The Glucose Science You Actually Need to Know
Let's go a little deeper, because the science here is genuinely fascinating and practically useful.
Blood Glucose 101: When you consume sugar or refined carbohydrates, your blood glucose rises rapidly. Your pancreas releases insulin to bring it back down. When that process is too fast because of a large sugar load without fibre, protein, or fat to slow absorption, you get a glucose spike followed by a sharp crash. That crash triggers further cravings, low mood, fatigue, and in some people, sensations that closely mimic anxiety (racing heart, restlessness, irritability). This is the cycle most people are caught in without even realising it.
Here's what changes the equation: eating your sugary treat in the context of a meal that already contains fibre, protein, and healthy fats significantly slows glucose absorption; meaning a gentler rise, a more gradual fall, and far less of that crash-and-crave cycle. Timing matters too. Your insulin sensitivity is highest in the morning and declines through the day, which means your body is better equipped to process carbohydrates earlier. Consuming sugar close to bedtime risks elevated blood glucose during sleep; and poor sleep, in turn, worsens insulin sensitivity the next day. It becomes a cycle.
In the luteal phase, this is even more pronounced. Progesterone can naturally increase insulin resistance, meaning blood glucose regulation during this phase requires extra attention - not restriction, but awareness.

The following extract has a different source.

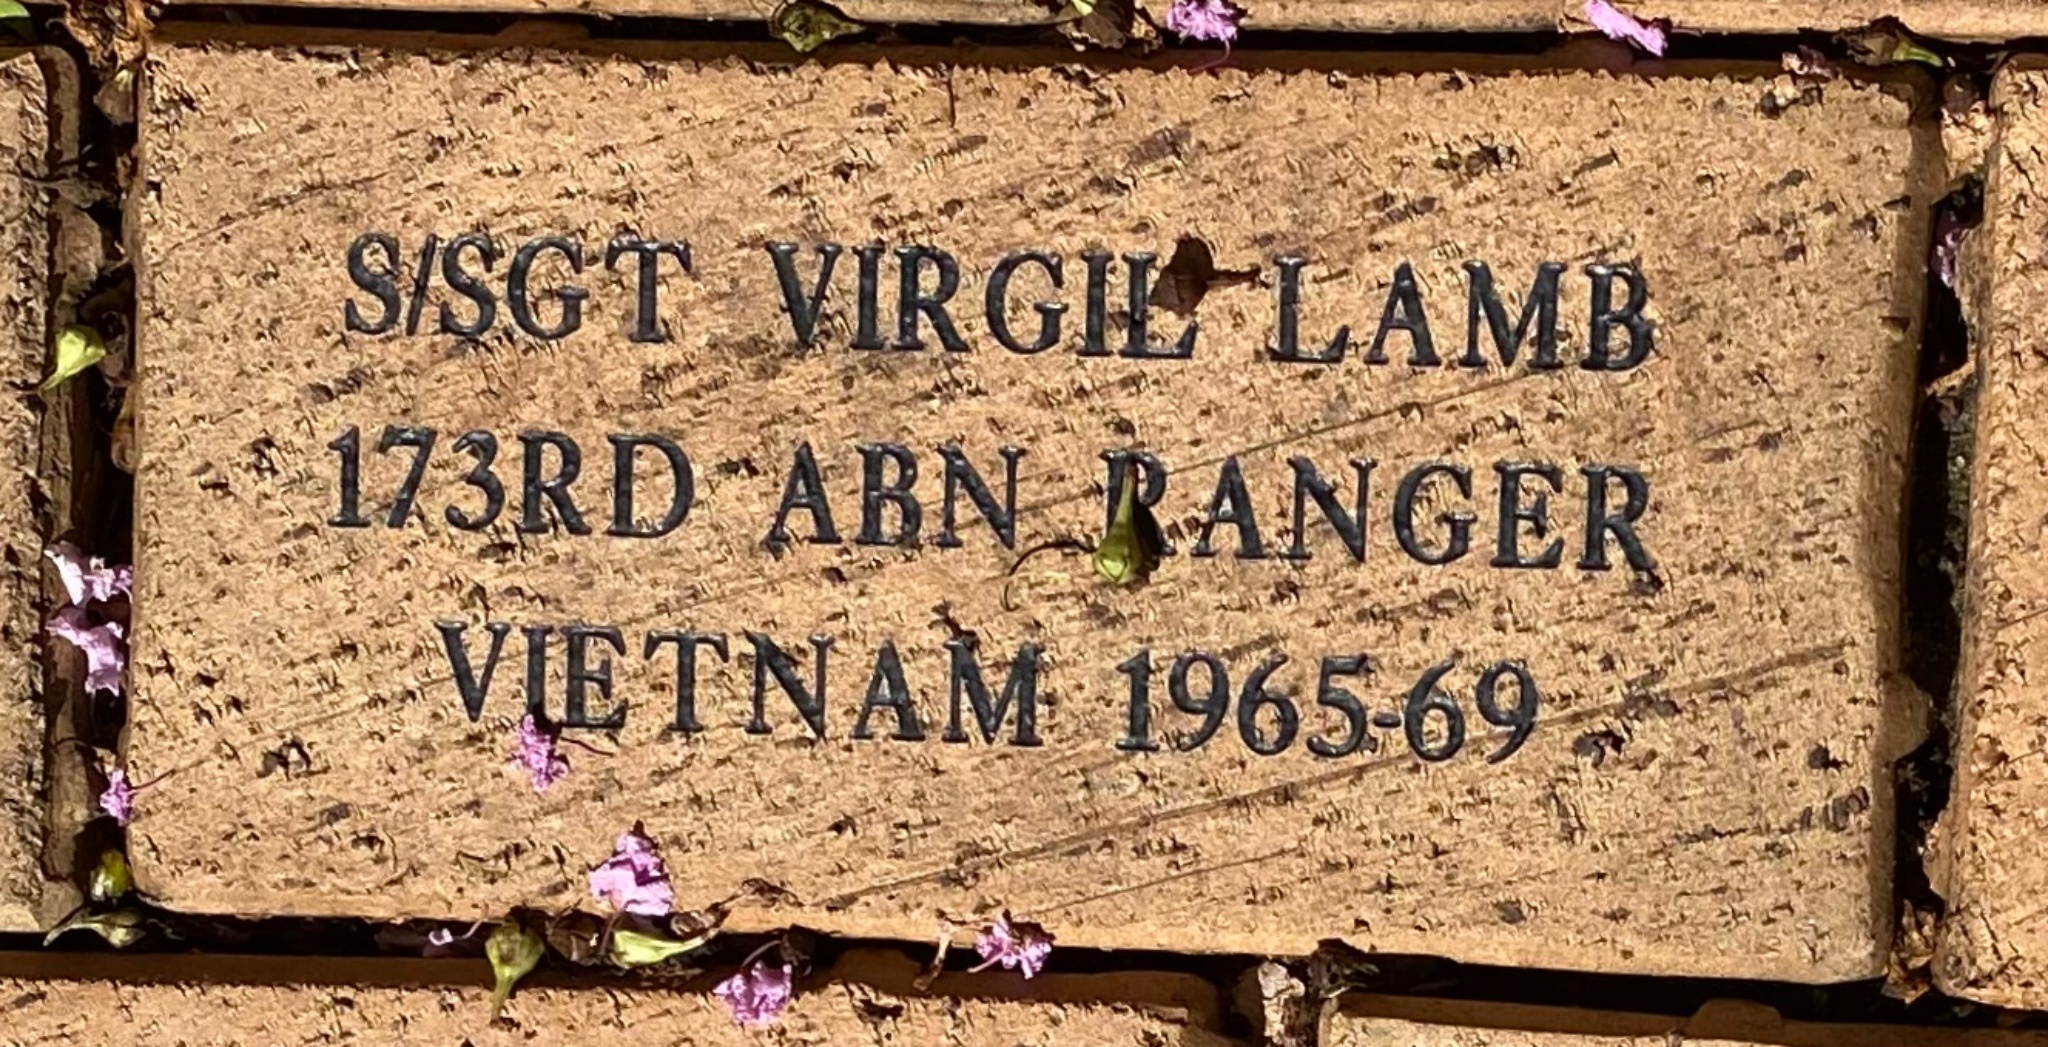 S/SGT VIRGIL LAMB 173RD ABN RANGER VIETNAM 1965-69
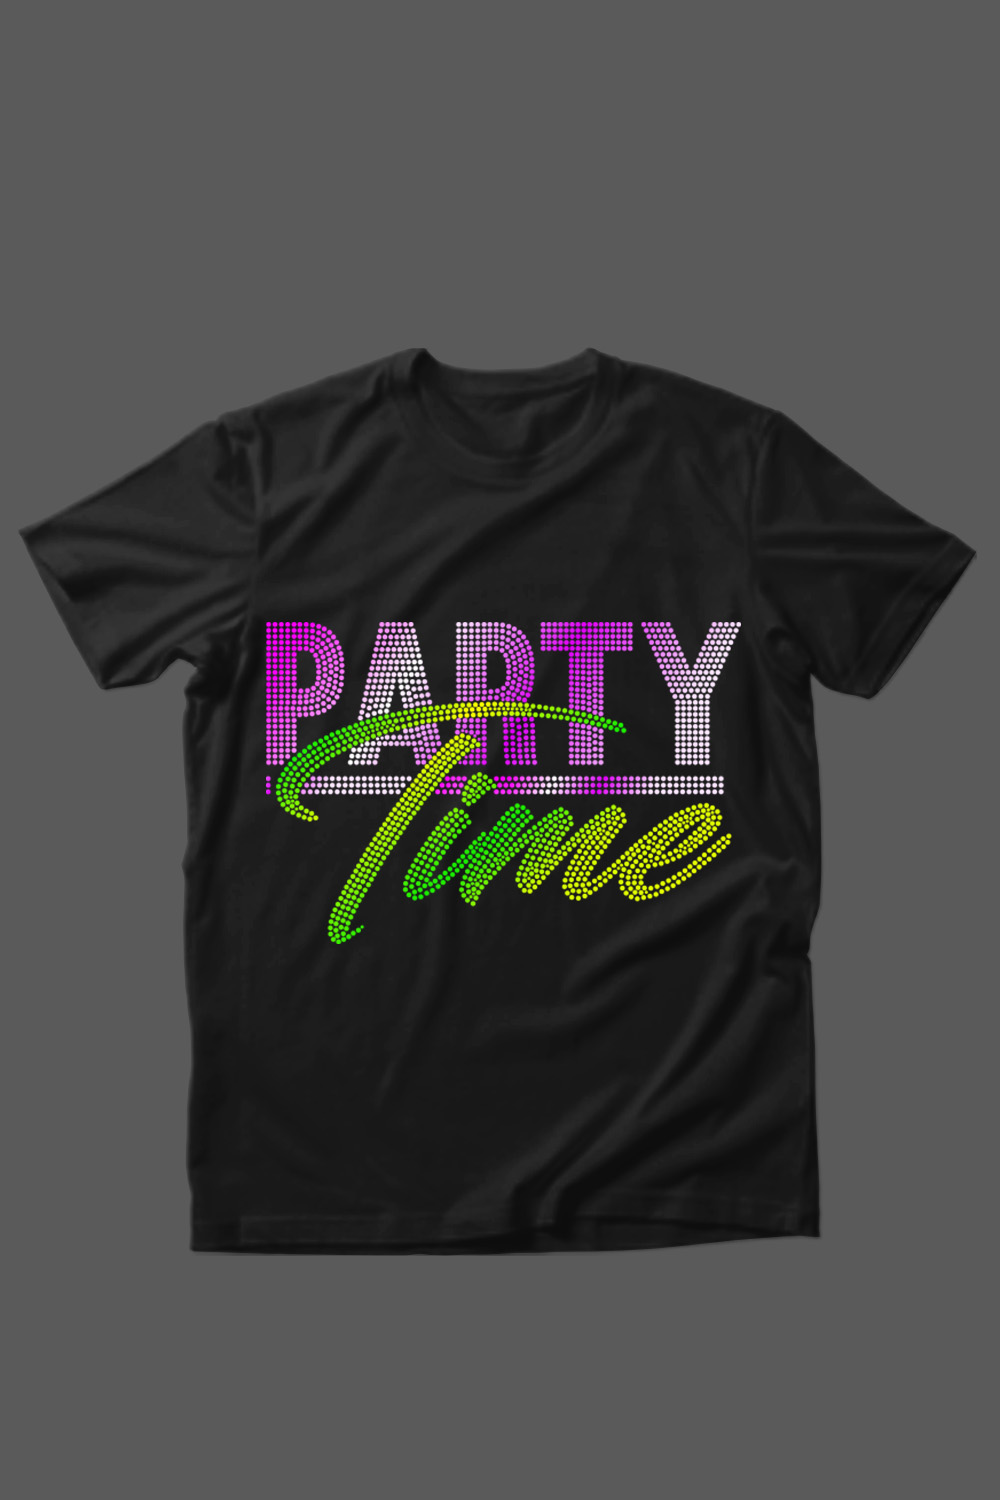 Party Time Rhinestone Templates Design pinterest image.

What Happened After the Chocolate
I bought the hazelnut block. I ate it… the whole thing. It was exactly what I needed: rich, smooth Whittaker's chocolate with the crunch of hazelnuts, and just enough sugar to satisfy every corner of the craving.
And then I moved on.
No guilt. No "well, I've blown it now, may as well eat everything in the house." No three-day shame spiral. No catastrophising. No ruminating.
"The chocolate happened. It was wonderful. Full stop. That's the whole story."
Because here's the thing about the all-or-nothing mindset - the "I've ruined it now so I may as well keep going" spiral… it is not a character flaw. It is a deeply ingrained psychological pattern called the abstinence violation effect. When we operate from rigid food rules rather than conscious choice, a single deviation from those rules feels like total failure, which then gives the brain permission to keep going. But when you operate from conscious choice - when you deliberately decided to have the chocolate and fully gave yourself permission, there is no "falling off the wagon," because you were never on one in a way that required that level of rigidity.
What Conscious Eating Actually Looks Like
It looks like knowing your cycle well enough to understand why you're craving what you're craving. It looks like pausing before you eat rather than reacting. It looks like understanding the science of glucose well enough to make timing decisions. It looks like choosing the hazelnut block rather than the pure chocolate, because you understand the difference - not to restrict yourself, but because you genuinely prefer how your body feels with that choice.
And it looks like enjoying that chocolate fully, without apology, and then returning to a way of eating that genuinely supports your hormones, your metabolism, your mood, and your energy.
Not because you're "back on track." Because this is just how you eat - with wholeness, with awareness, and with the occasional glorious block of hazelnut chocolate on a tired Wednesday afternoon.